The program linked below generates an array of random uint8s and then repeatedly runs a function that finds the second highest value in the array of random uint8s. The logic inside the inner loop is simple, it keeps track of the highest value and the second highest value using an if-else condition.
The problem is that the code generated by the compiler using the naive implementation (shown in max2_slow() in the example) runs slow -- 810 ms for the test. Adding a continue statement in the final else block generates better code that runs the test in 540 milliseconds.
Just for reference, the same logic in C runs much faster (490ms without loop unrolling, 350 with unrolling), but the C compiler seems to make use of conditional move instructions, which neither Golang nor V8 seem able to generate.
This one is a bit tricky. Sort of the luck of the draw, the val > max1 path is processed first during register allocation. Because of the way regalloc works, the reg-reg moves from that branch end up at the end of the loop. The other paths through the loop then have to issue countervailing moves to pre-undo what those moves do. By using "continue", you avoid that merge point and the need to do/undo the moves on every iteration.

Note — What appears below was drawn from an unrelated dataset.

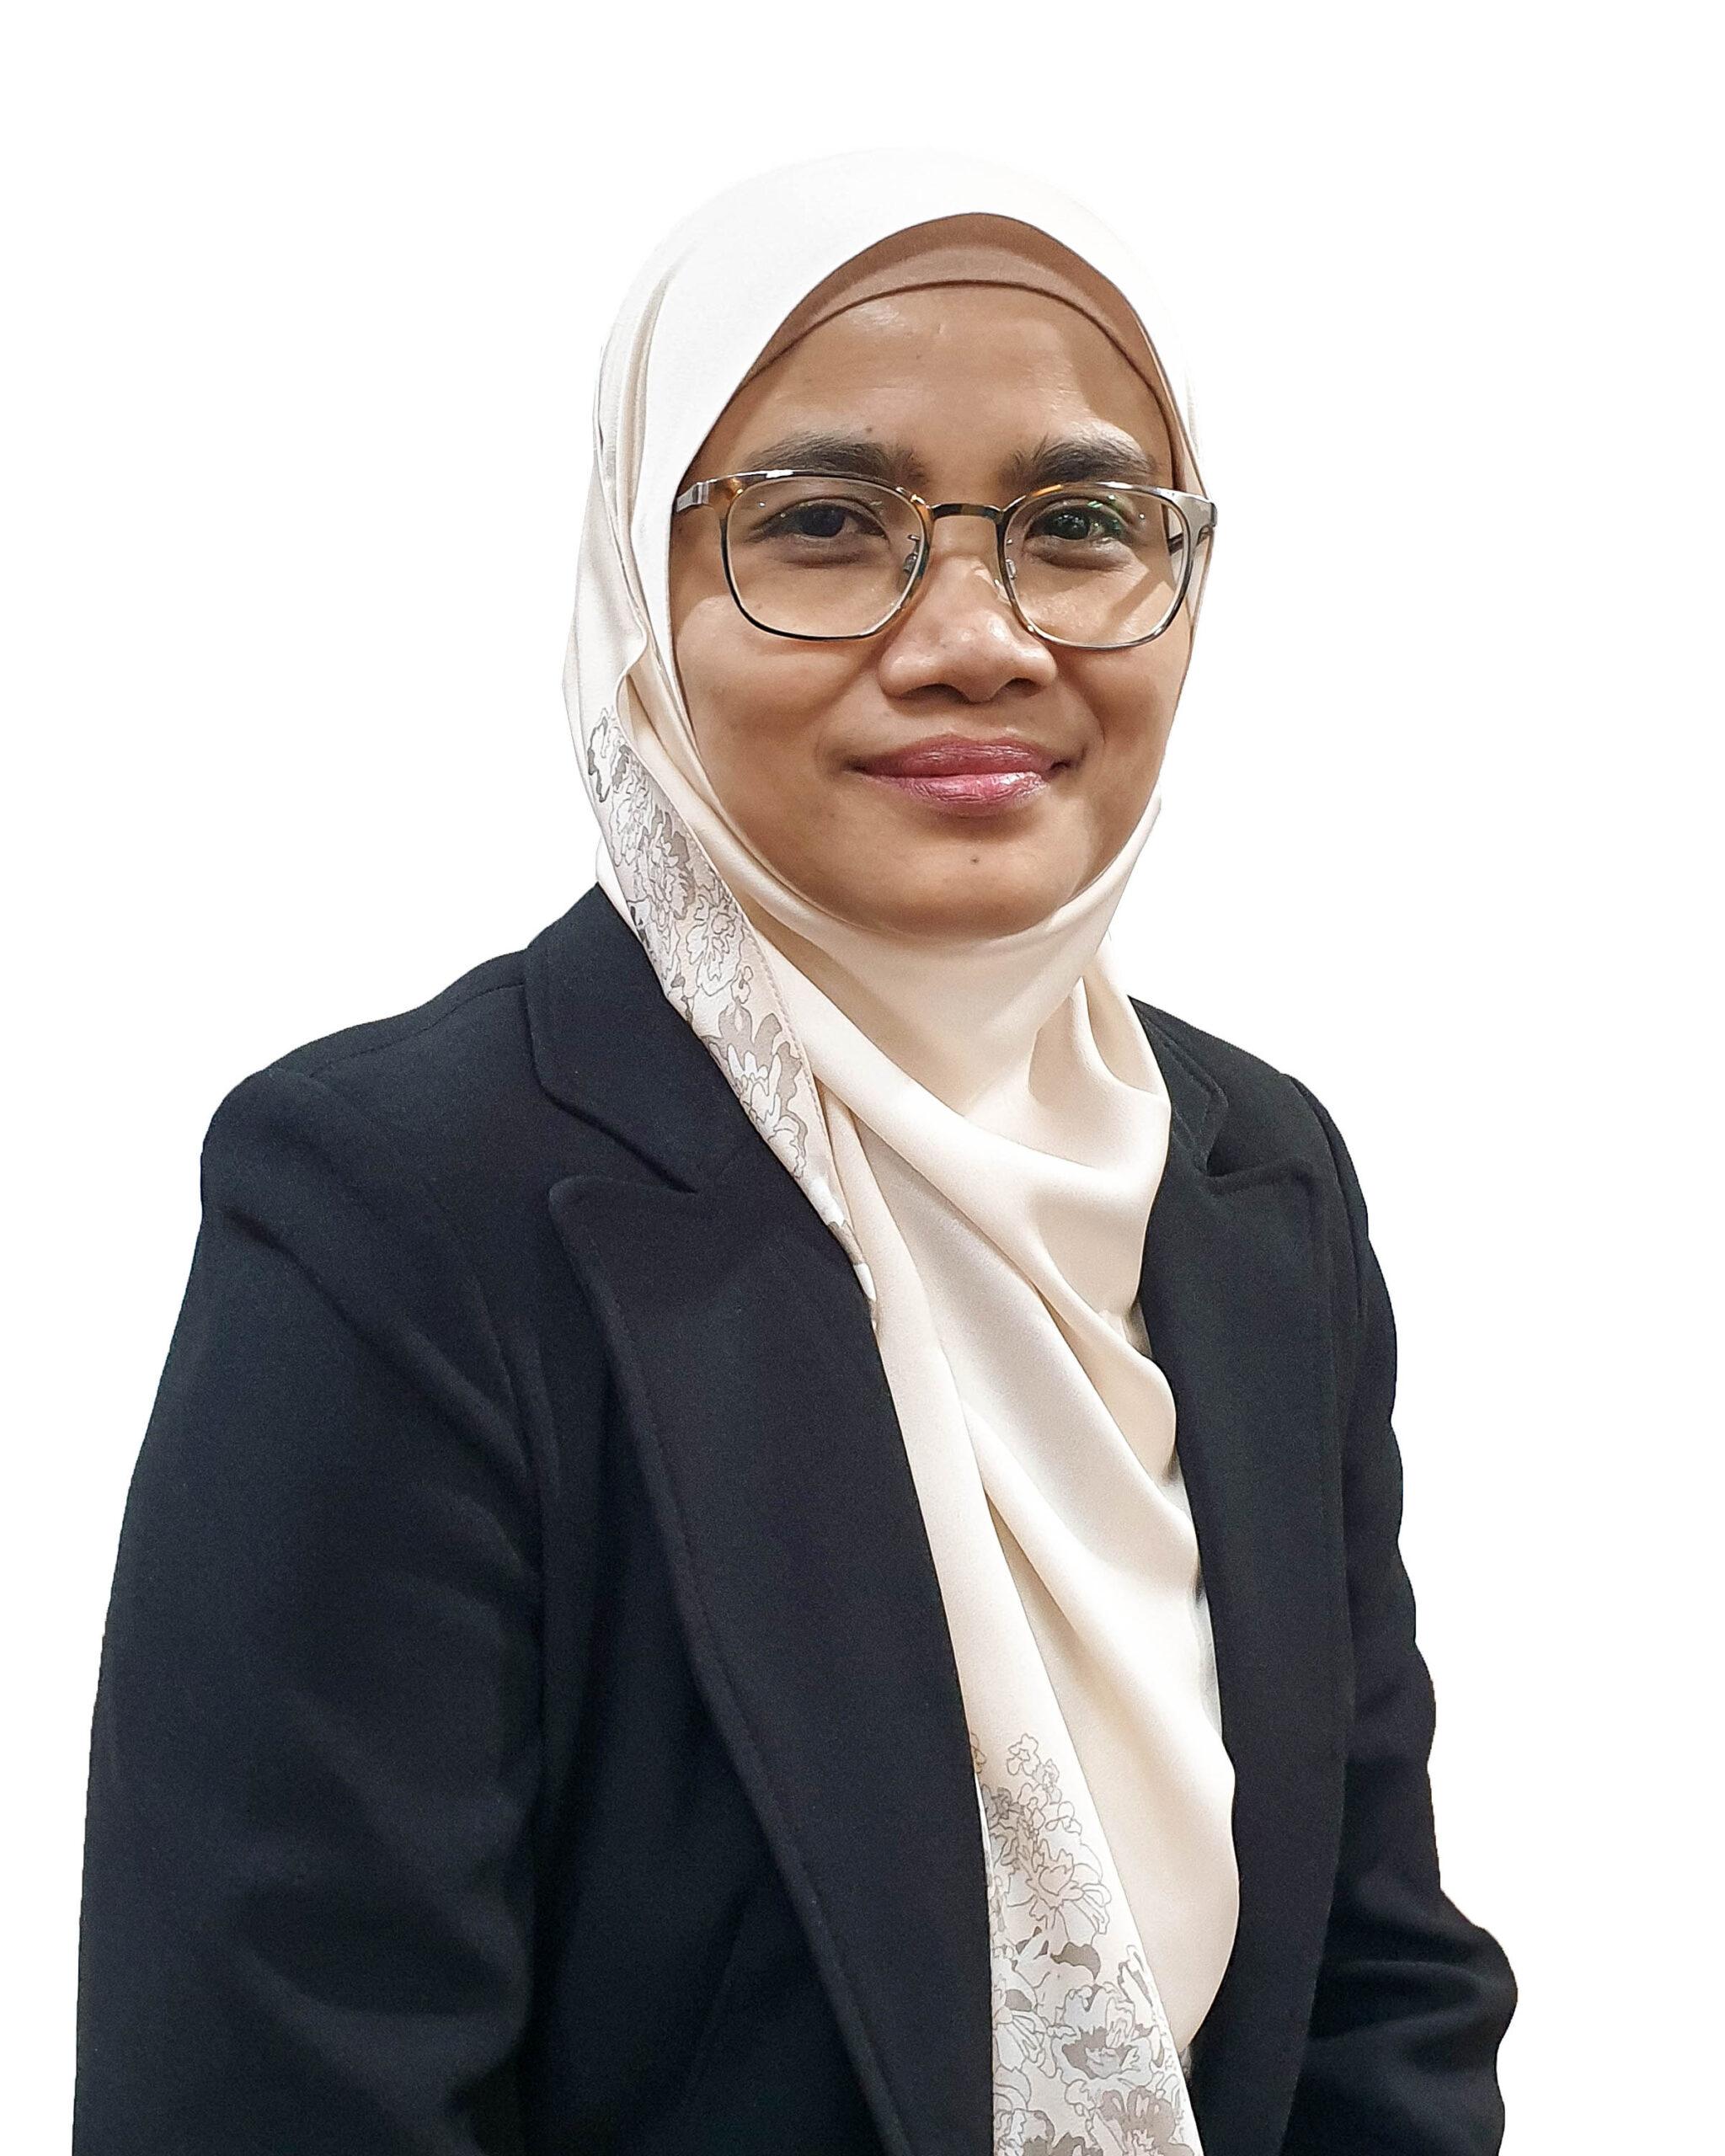 Asliza Binti Bakar

At least, I think that is what is going on.
I don't see any easy fix for this. If we knew that both ifs were unlikely, the layout pass would fix it for us. FDO would help with that. Without FDO, I don't see any easy way to know. The register allocator is correctly optimizing for the case that the first if is likely taken.
Maybe there's a way to detect that we would need undo register moves, and lay things out a bit differently as a result. Not sure.
In any case, it is unlikely that this will be fixed for 1.14. Moving to unplanned.